Мы спешили под Париж в Сен-Женевье-де-Буа, а чувствами-то оставались в России и, вспоминая Бунина, тем самым невольно тешили в себе образ родины, картину хоть и непритязательную для непосвященных, а может и вовсе грубую и печальную для кого-то, но удивительно близкую сердцу многих русских, хотя бы иной и ни разу не видал ее; поведай в подробностях, и сразу увидит русский себя внутри ее, а не снаружи, и невольно вздохнет с грустью и непонятным сожалением, словно бы утрачено было навсегда что-то самое ценное; и все до самой мелочи сурового быта покажется таким родным, сто раз пережитым, будто они век назад сидели за одним выскобленным столом на лавке-конике вдоль стены, хлебали пшенный кулеш из общей мисы, и загадочная примороженная луна заглядывала в окно к мужикам, отправляющимся спозаранку в лес по дрова… Вздыхает хлебенная квашня на печи, гоня по избе тестяной кисловатый дух, крохотный моргасик на засторонке печи, заправленный зверным салом, задыхаясь, едва пробивает густые предутренние сумерки, чудно шевелящиеся тени по стенам, русые головенки на полатях, будто капустные кочашки, теленок трется в загородке, кряхтит старый дед на лежанке, отыскивая места измозглым костям, ледяная броня на крохотных стеколках, куржак на дверях, обложенных соломенными жгутами, розовые рваные лоскутья пламени на поленьях, – и та же, как и нынче, русская сонная бескрайняя равнина, как сторожевая засека, пасет за стенами от вражины. Какое-то тупое оцепенение разлито по таежным увалам; вот накатит на деревеньку волною и возьмет в полон всякую мечтательную, дерзкую, энергическую душу, и захоронит навсегда, не дав и капли надежды и радости; казалось бы, за что любить эти худо обряженные сиротские земли, – но ведь на самом-то деле и Бунин, и этот молодой литератор Дорошенко, после армии выскользнувший из колхозного хомута, может и до сего дня косятся друг на друга и брюзжат, но по-своему в чем-то близки в родственном чувстве к русской стороне, краше которой не сыскать на всем белом свете, хотя и смотрят на отечество под разным углом и разным освещением…

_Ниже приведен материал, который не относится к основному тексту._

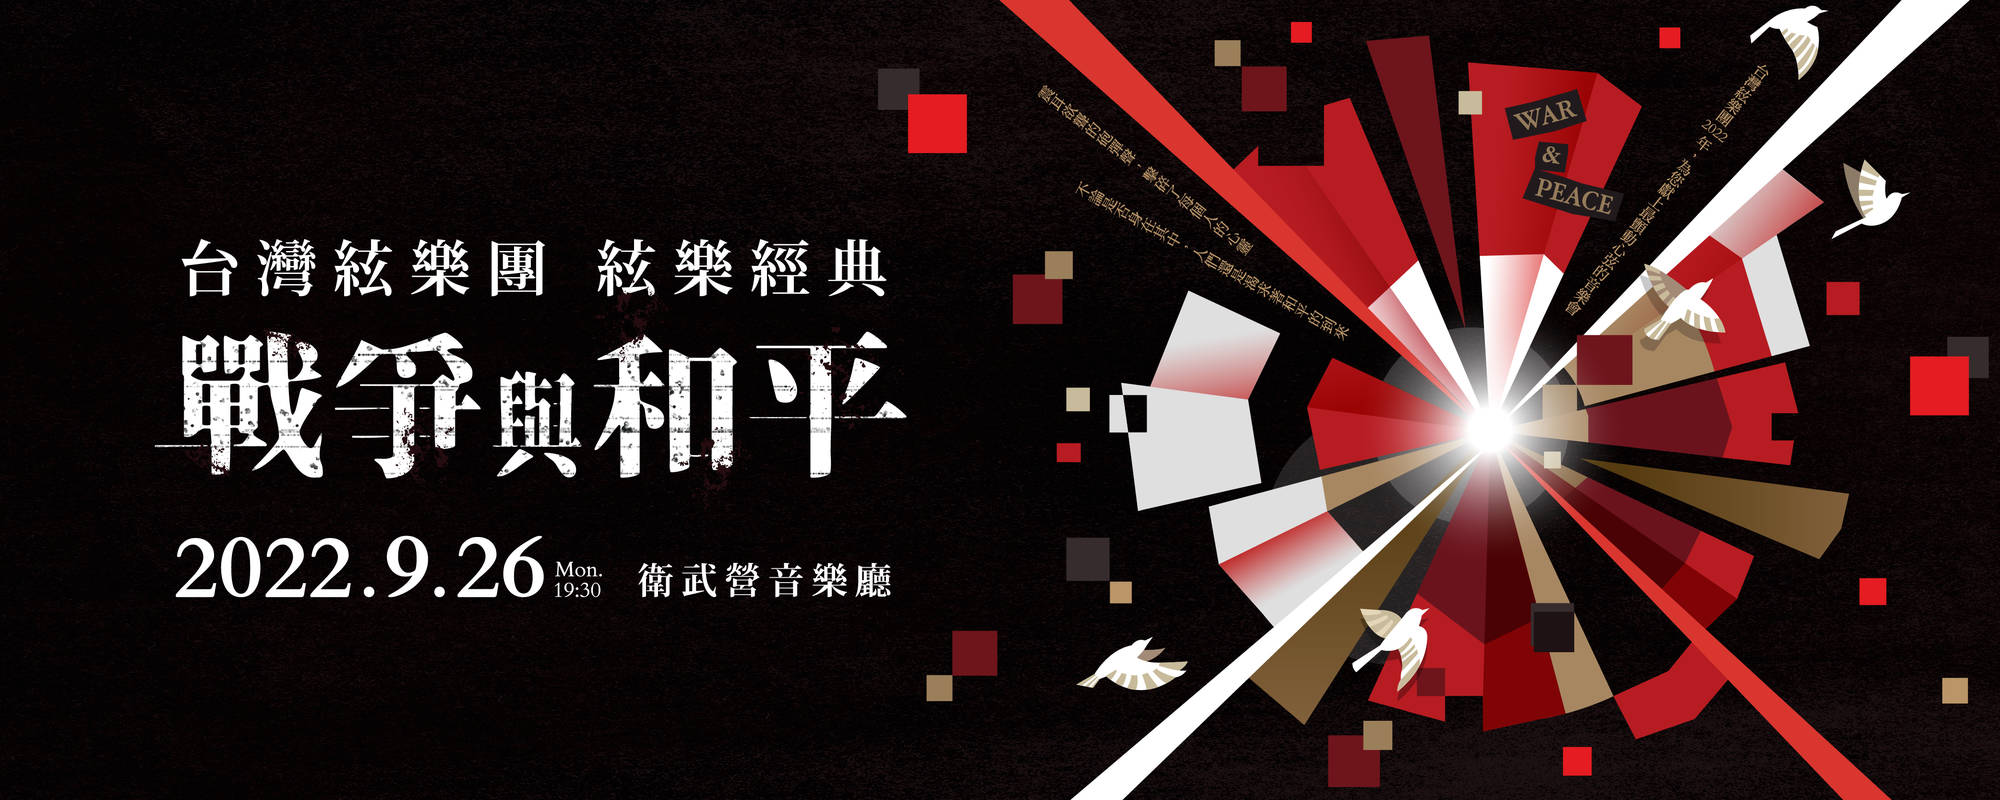 《戰爭與和平 2022台灣絃樂團 絃樂經典》

"Если бы я эту "икону", эту Русь не любил, из-за чего же бы я так сходил с ума все эти годы, из-за чего страдал так беспрерывно, так люто? А ведь говорили, что я только ненавижу…" – с обидою и грустью проговаривался Бунин, отвечая на претензии обвинителей… Вот это внешне ничем не выдающееся, почти неприметное для глаза мистическое чувство национального, которому даже не дать особенного объяснения, не обрисовать в материальном виде, оказывается особенно притягливо и соединяет души крепче арестантской штанги, хотя бы эти люди никогда не встречались и относились друг ко другу с крайним раздражением. Русаки породою – и все тут! Даже и русские разбойники – это свои разбойники, к ним и претензии по иному, заниженному аршину. Вот почему так тосковал Бунин по родине и отчей земле… Не по русским людям, кого и близко не мог поставить рядом с собою, находя в каждом человеке множество неизлечимых язв, но именно по особой палитре русской природы.

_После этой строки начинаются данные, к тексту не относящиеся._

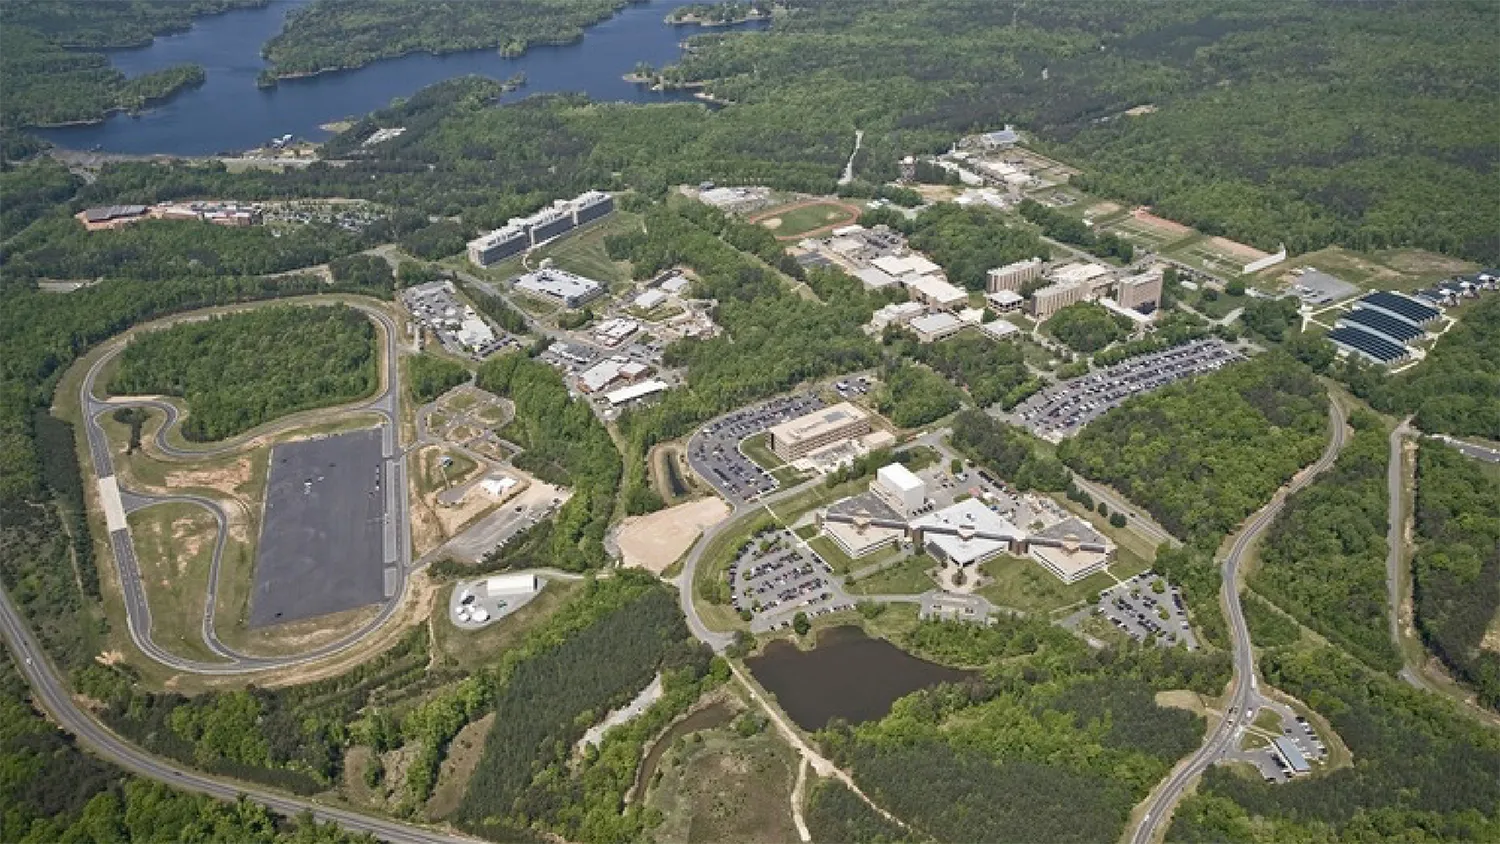 Aerial view of the FBI Campus at Quantico, Virginia.

Только Дорошенко жил в этой низкой темной изобке, крытой соломою, а Бунин лишь осторожно приближался порою ко крылечку, звал с улицы хозяйку иль хозяина и тем временем с ужасом, отвращением и непонятным интересом, который испытывает человек ко всякой скверне, вглядывался в сумрак коридора, откуда наносило чем-то кислым, дурным, терпким, отчего у барина воротило нос. Но вот возвращался в свои покои и торопливо заносил впечатления в записные книжки, уже заранее зная, что увиденное сгодится, станет его как бы стороною собственной жизни. Даже эти приторно терпкие кисловатые запахи чужого изжитого тела станут его запахами. Такова удивительная сила таланта… В отличие от Толстого, который до самой смерти мечтал поселиться в хатенке под соломой (лишь бы в ней было тепло) и жить, как простой деревенщина, у Бунина подобной "заразной хвори" не было, он остерегался ее и пробовал осязать землю в белых лайковых перчатках.

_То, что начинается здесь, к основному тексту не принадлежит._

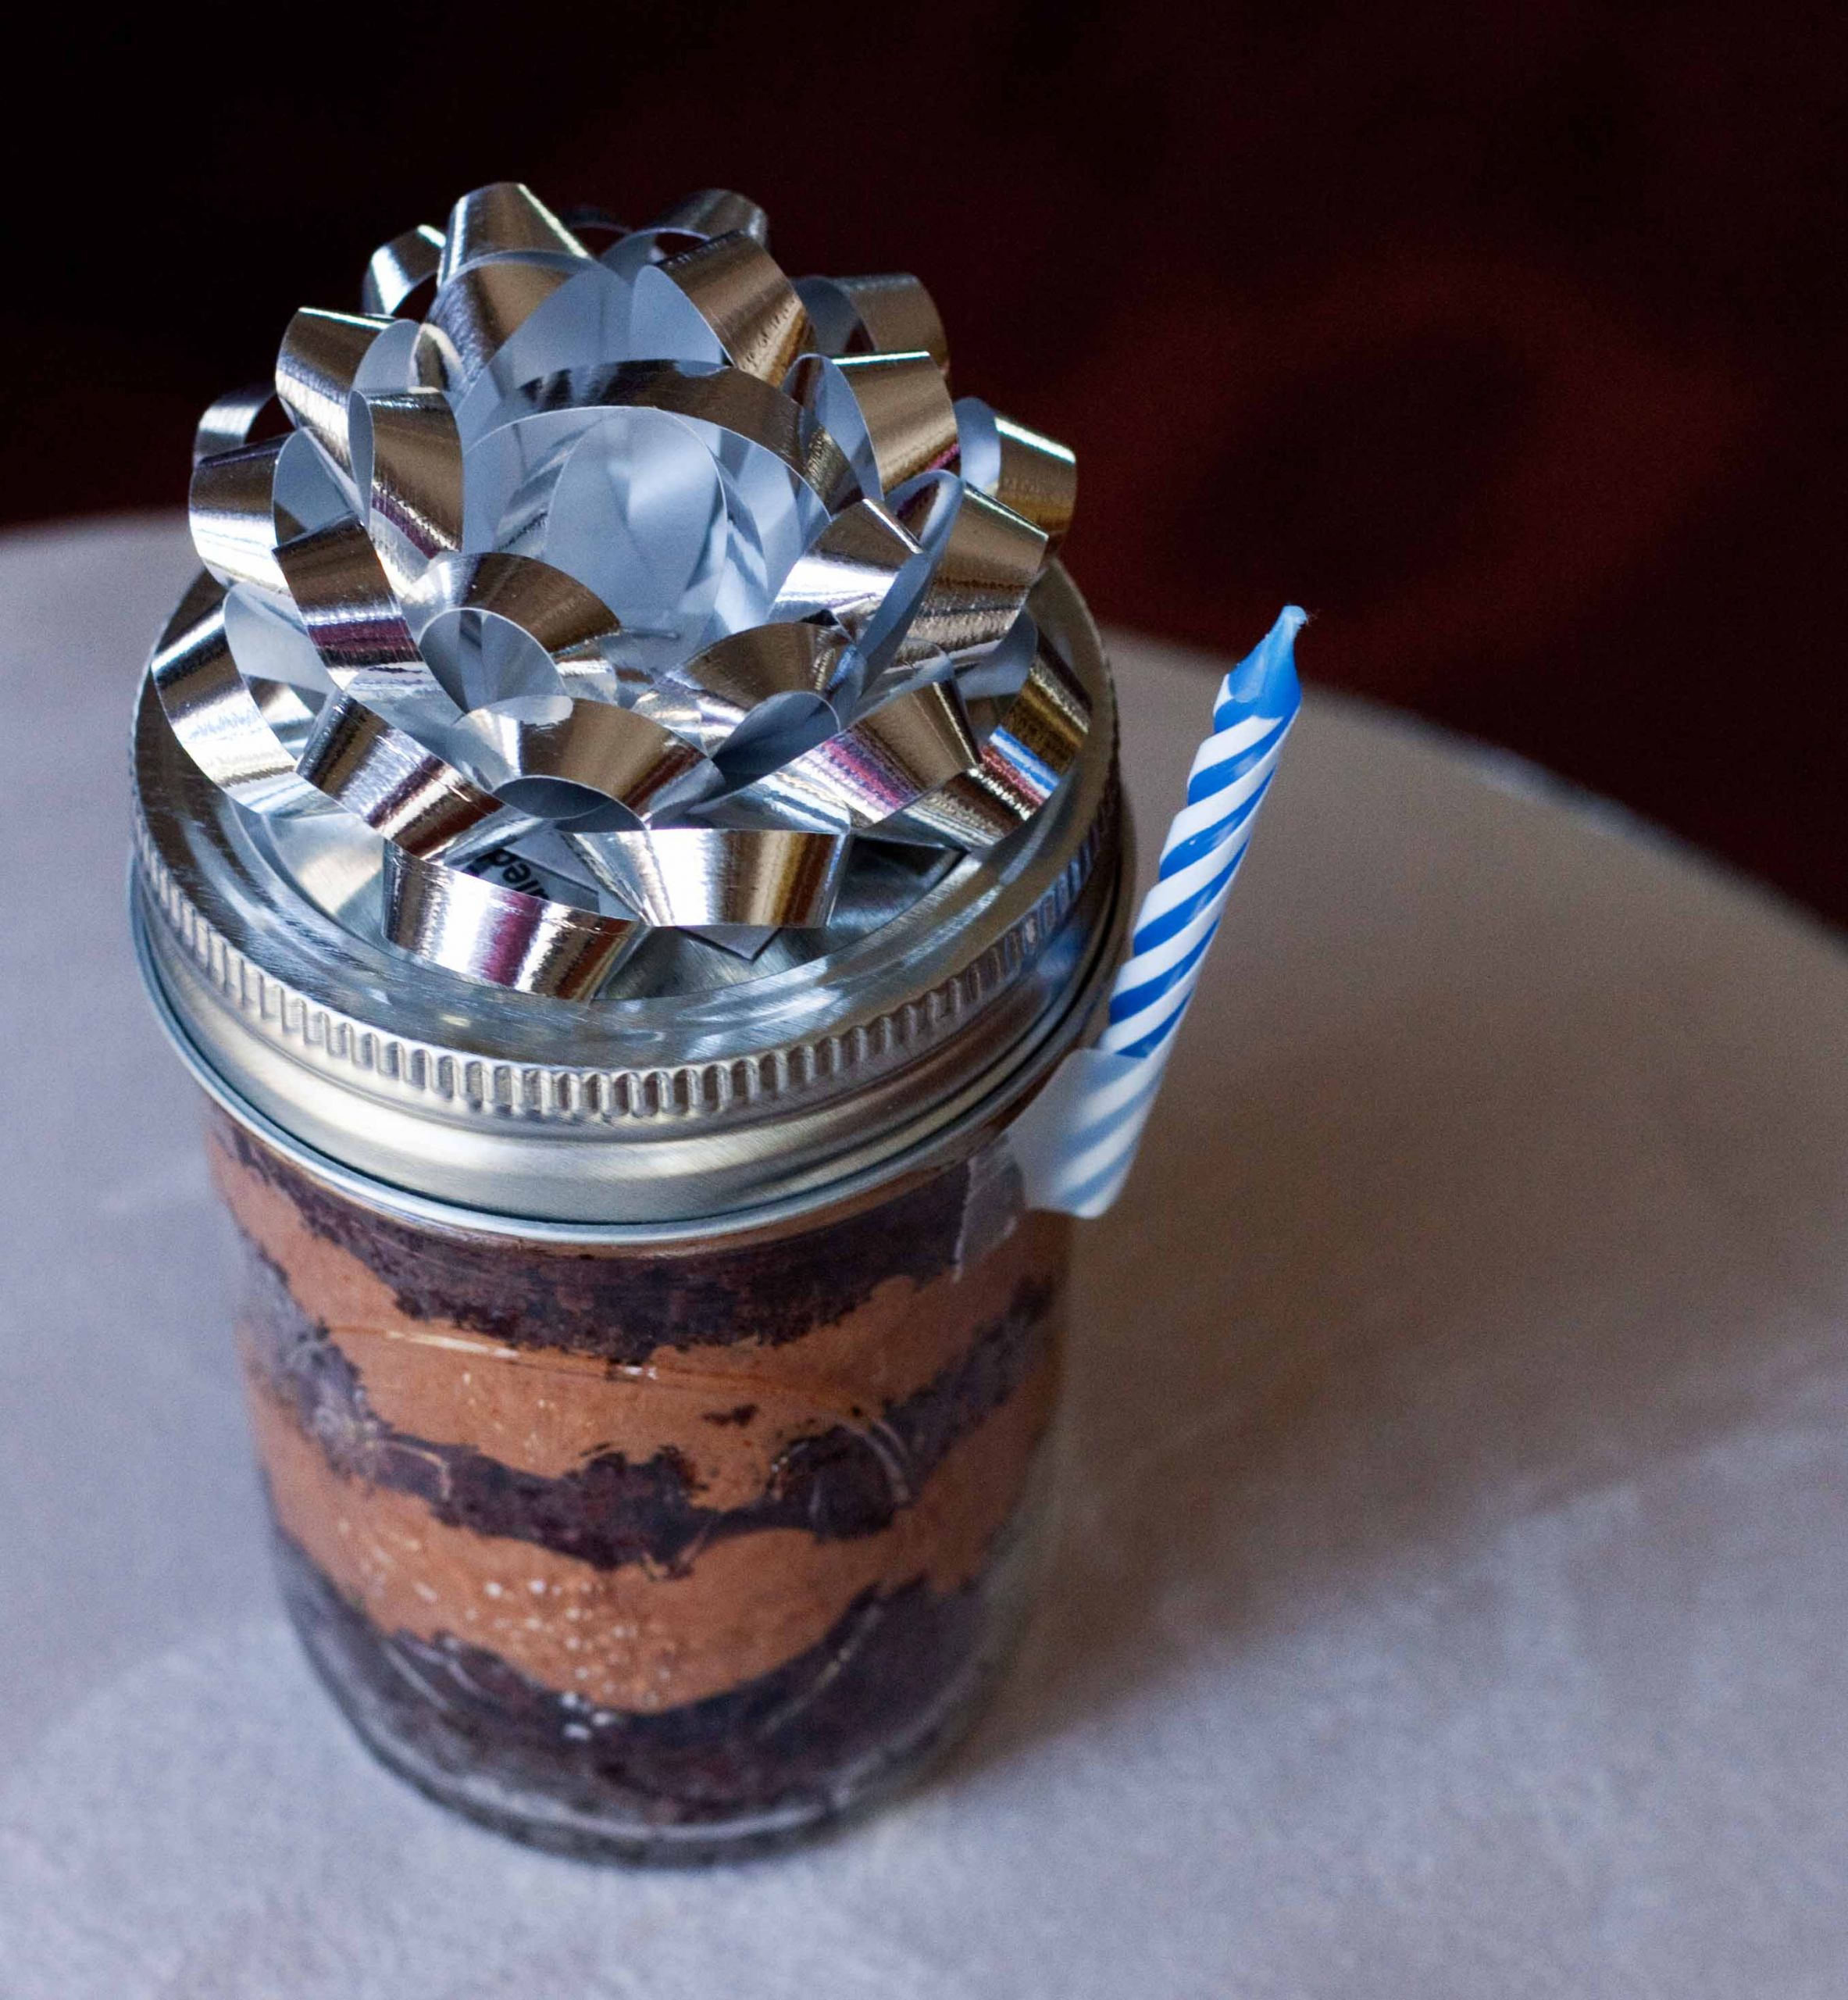 Birthday Cake In A Jar
 Birthday Cake in a Jar

…Когда-то мужик, чувствуя к себе презрение, чуть не испроломил Бунину голову, и писатель едва спасся бегством; другой раз его, знаменитого уже, обласканного литератора, крепко обложили матом и грозили вилами; однажды чекисты чуть не забрали в кутузку к допросу, и этого случая Бунин тоже не мог вспомнить без слез и отчаяния от собственной беспомощности, – так унижена была его самолюбивая душа; и конечно, оскорбленный писатель, уже навсегда запомнив к себе небрежение, незалюбил земляную низкую Русь, не подозревая того, что не "высокая порода", не "белоперчаточники", для которых и писались сочинения, но потомок этого косного темного мужичонки станет впоследствии читать его и боготворить, и отправится к его могилке. Неугасимую тоску по Орловщине, которой был постоянно пожираем Бунин, мог бы понять, пожалуй, лишь русский человек с русским сердцем, – и никто иной.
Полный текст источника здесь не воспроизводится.